Tras hacer una película que ingresa 700 millones de dólares, la mayoría de directores intentarían hacer otra que ingrese al menos 900. Pero el mexicano Alfonso Cuarón no es un director como la mayoría. Tras triunfar con Gravity (2013), él ha hecho Roma, un filme de 135 minutos, en blanco y negro, hablado en parte en español y en parte en lengua indígena y cuyo personaje principal es una criada tendente al silencio. También es una película absolutamente maravillosa.

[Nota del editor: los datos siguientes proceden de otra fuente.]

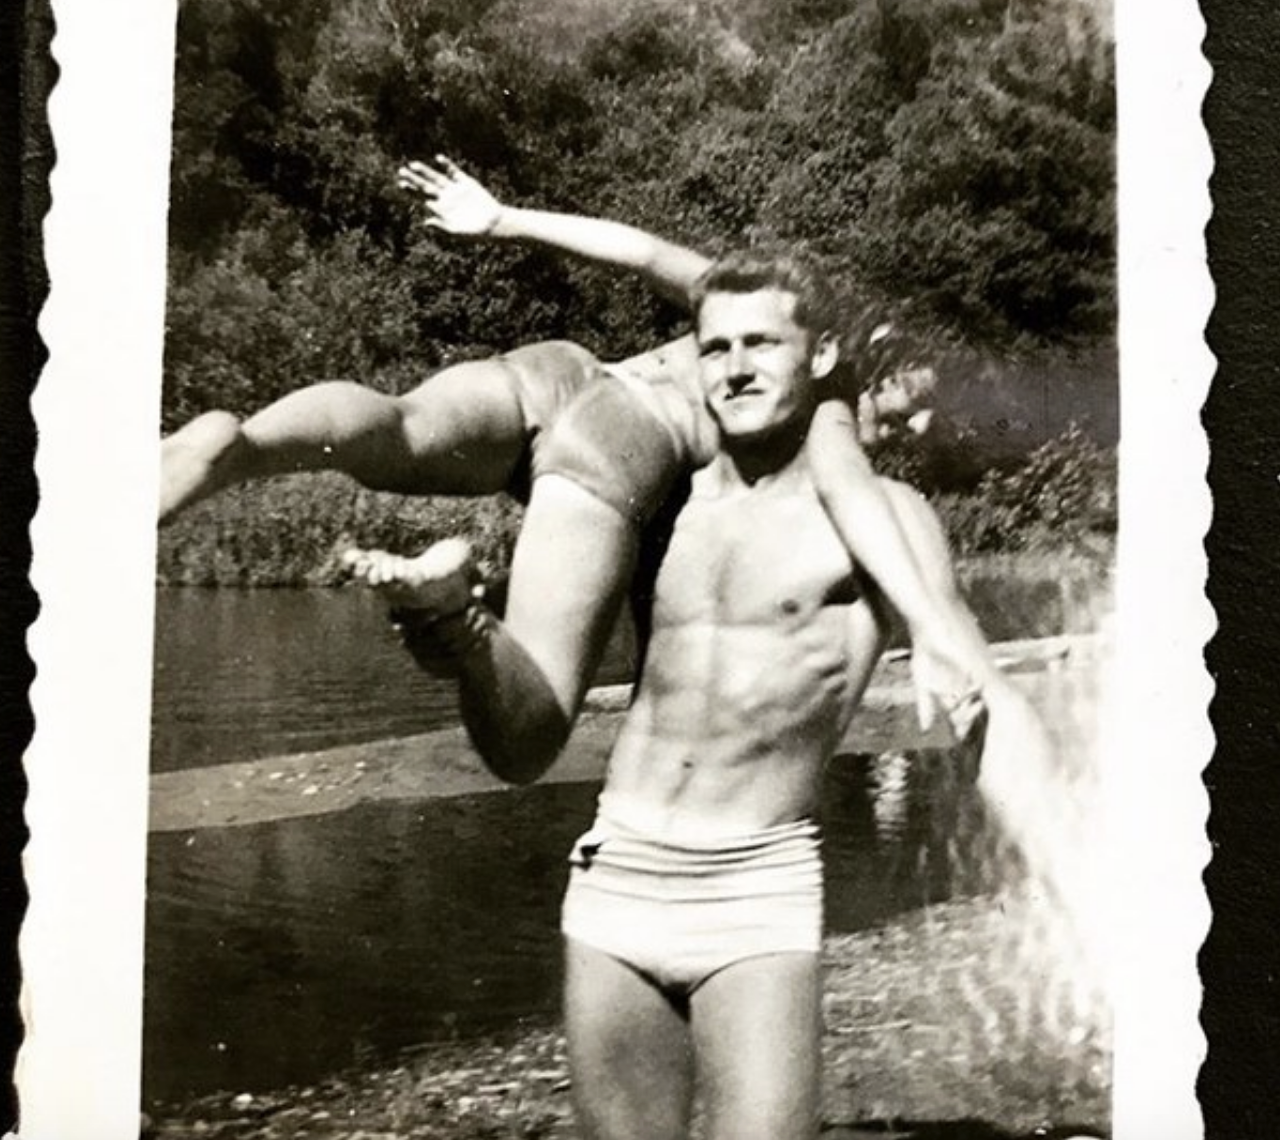 A young man carrying another man in a bathing suit

Presentada ayer en el concurso de la Mostra, Roma retrata un año en la vida de una familia de clase media de Ciudad de México a principios de los 70, y lo hace no tanto para contar una historia con su principio y su final como para dejar que la cámara de Cuarón transite apacible por espacios, y modos de vida, y terremotos, y fiestas, y partos, y cacas de perro -muchas-. El resultado es un fresco de una sociedad y un tiempo de modestia apabullante, y que aun así derrocha serena épica y sutil emotividad.

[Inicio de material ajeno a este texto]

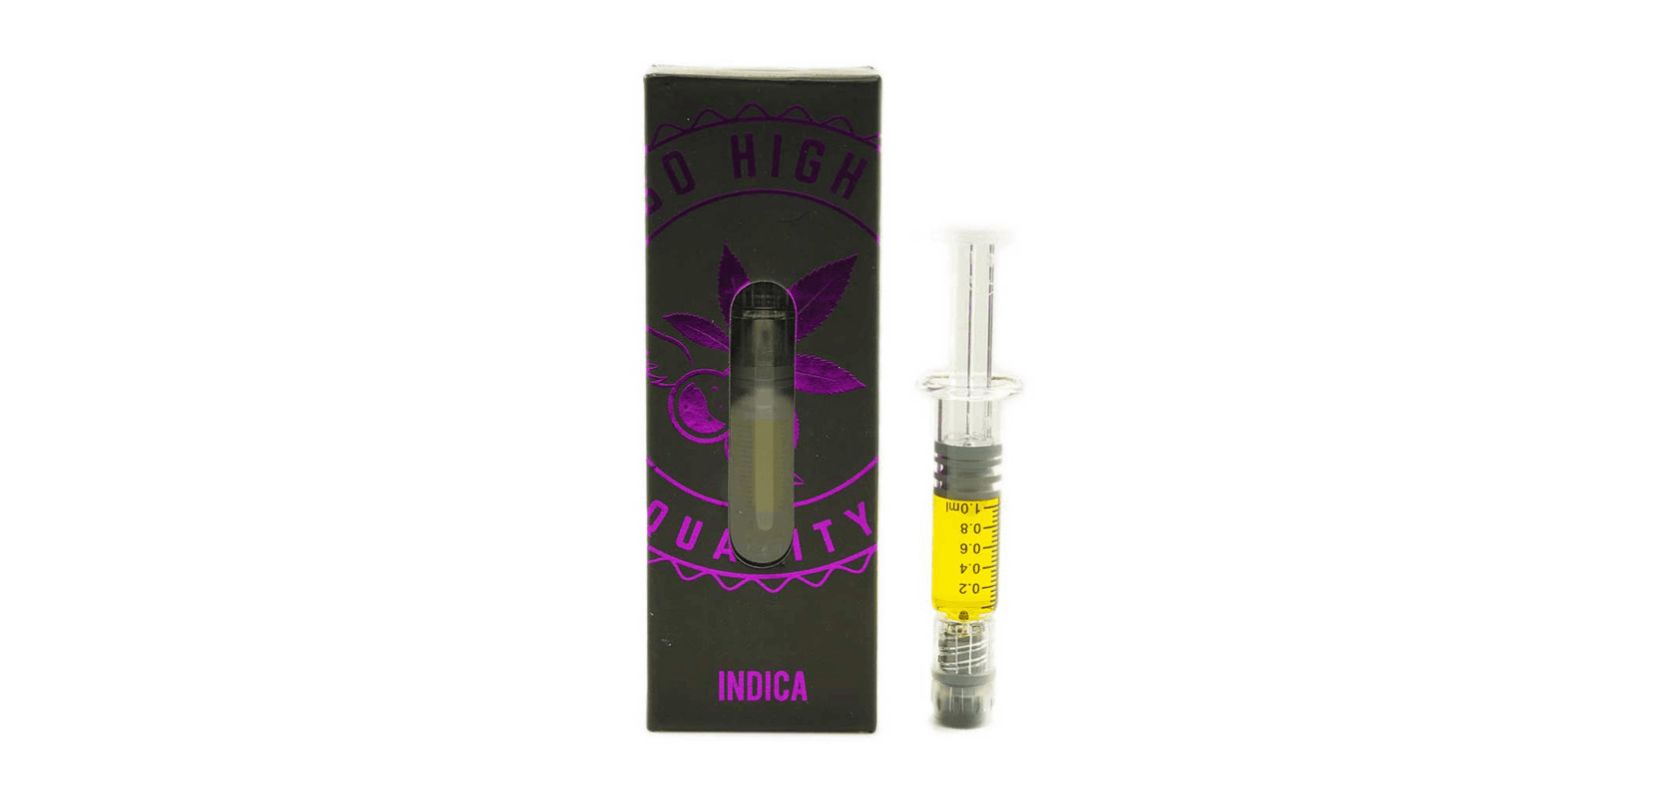 Looking for a potent pure THC oil syringe that provides an authentic cannabis experience? This distillate syringe from So High Premium Extracts might be just what you need. 

A pesar de todo ello, Cuarón llegó a la competición de Venecia de rebote, después de que él y su película fueran rechazados para participar en Cannes. La decisión, por supuesto, no tuvo que ver con criterios artísticos. Roma, recordemos, ha sido producida por Netflix. Hay quienes opinan que Netflix es el enemigo del cine, y que lo que sus responsables producen no son películas sino algo distinto, de menos valor. Cierto, Roma no es una película; es un peliculón. Y cuando todos esos necios la vean, perderán las ganas de volver a abrir la boca.